Thursday, October 10, 2024
Tonight's picture was taken in October of 2003. Mattie was a year and a half old. At this particular fall festival, they had a petting zoo. Look at Mattie's face! To me it was priceless, as he wasn't sure what to make out of this pig. He was observing, but not comfortable enough to touch it. What I do know is that I loved exploring the world with Mattie and through his eyes.
Quote of the day: When we have no reason to be happy, we often think that it is the end of ourselves. We often think we have no one in this world. It happens when our loved ones leave us and make us alone in this vast universe. ~ Debolina
It was another winner of a day. I have arranged for someone to come over tomorrow to look at our furnace and thermostat, as I am having trouble with heat getting to the second floor. Every time, I deal with the heating and cooling professionals, my heart is in my mouth, because it usually means a costly repair. As for the freezer and range issues, I spoke to our Thermador repair fellow and he is ordering a part, in hopes it easily corrects the problem. Nothing is typically easy for me, but I know I have to be on top of these home repairs, otherwise, if I push it down the road, only more things will arise and pile up on each other. This house is a full time endeavor of trouble and heartache.

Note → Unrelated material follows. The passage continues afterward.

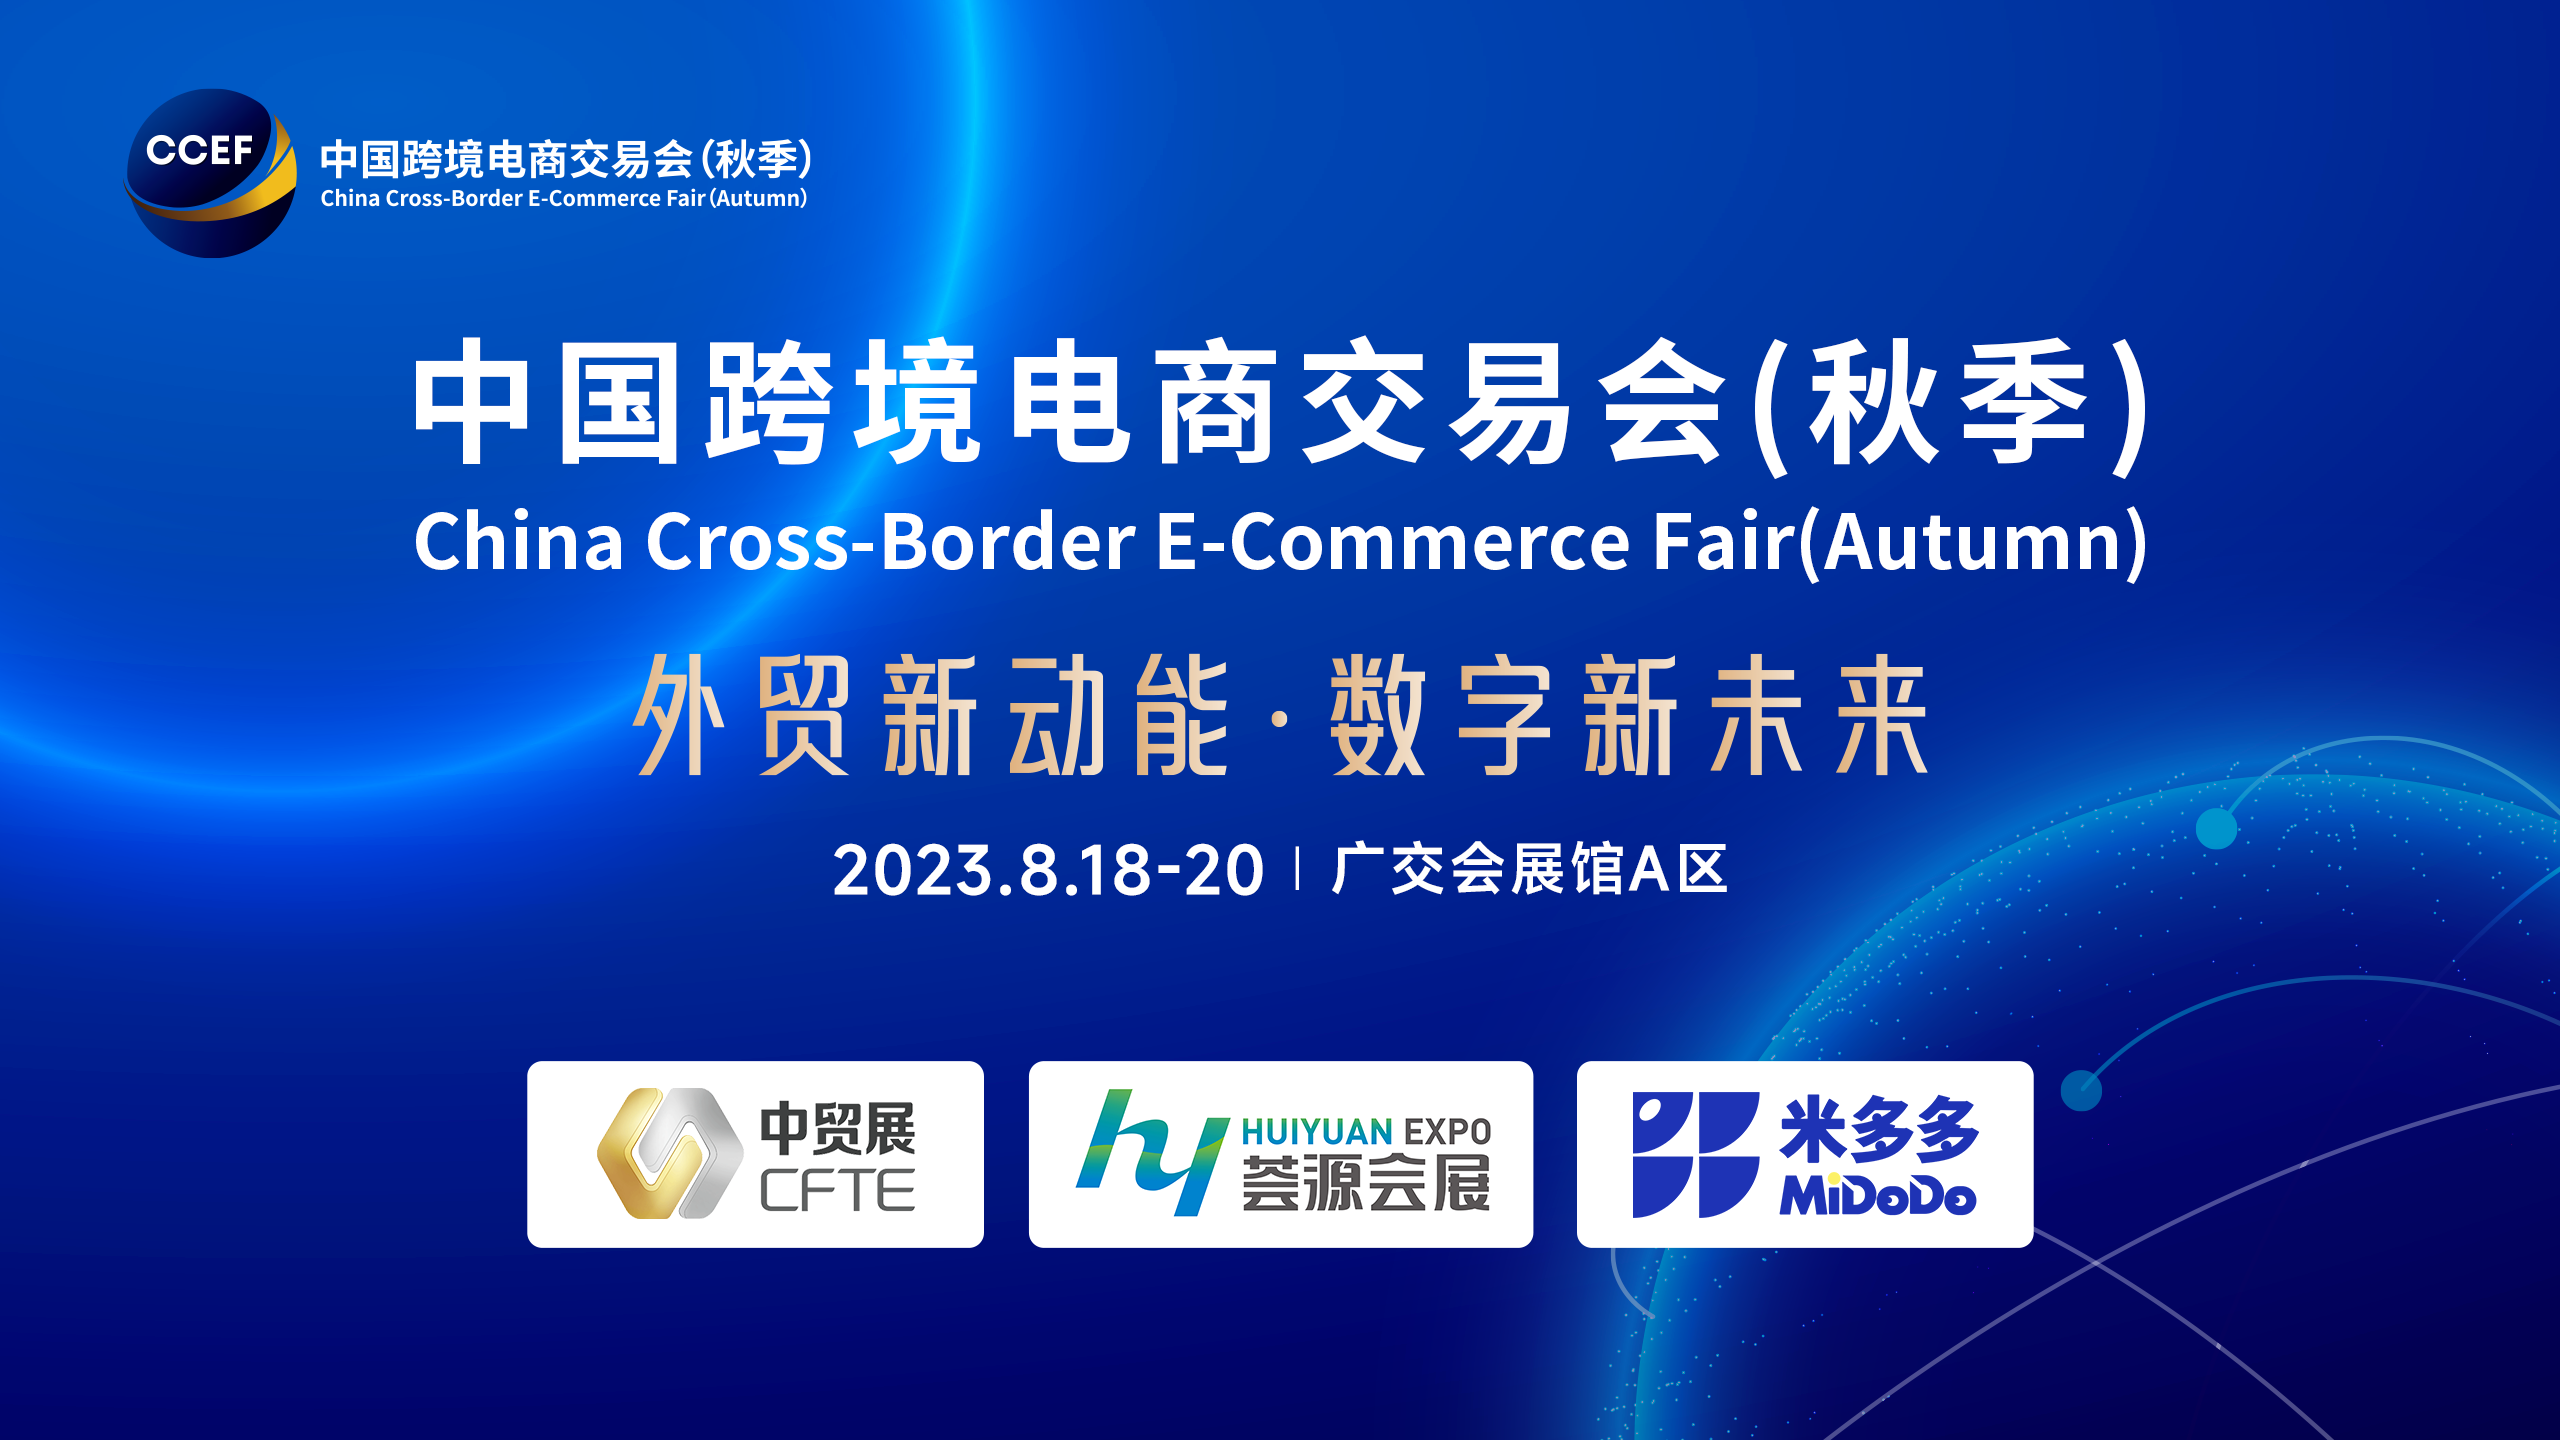 'New momentum for foreign trade·New digital future'--2023 China Cross-border E-commerce Fair (Autumn) concluded successfully

This evening, I went for my weekly therapy session. In about a month, I will have been working with this therapist for a almost a year. Do I find it helpful? NO! No fault of the therapist, my situation is just horrific, and unfortunately most of you who read this blog do not know the full extent of the destruction I have been faced with and have been forced to deal with. With the emphasis on forced. None of us like when we have no control over certain decisions and when life choices are being made for us.
When I got home from therapy, I was in the process of dealing with dinner, when my dad started moving toward the bathroom. He won't go to the bathroom unless I am home. He refuses to go with my mom. Make a long story short, it was a bathroom disaster, of four bouts of diarrhea. It was so awful, that he stressed me out so much that I started screaming. I can't even sit with a thought or feeling for one second, without dealing with bathroom issues. When I finally got my dad to the dinner table, he refused to eat. My dad said he wasn't hungry and became attitudinal. At which point, I got him up and back to his recliner. There was no reasoning with him, and frankly I did not have the energy to get him to eat. Tomorrow is another day of more of the same.... more intense caregiving, chores, tasks, cleaning, cooking, repair issues, bill paying, and heartache. I am stuck in a terrible Groundhog's day, with no hope of waking up to learn that what I have been living with is just a bad dream.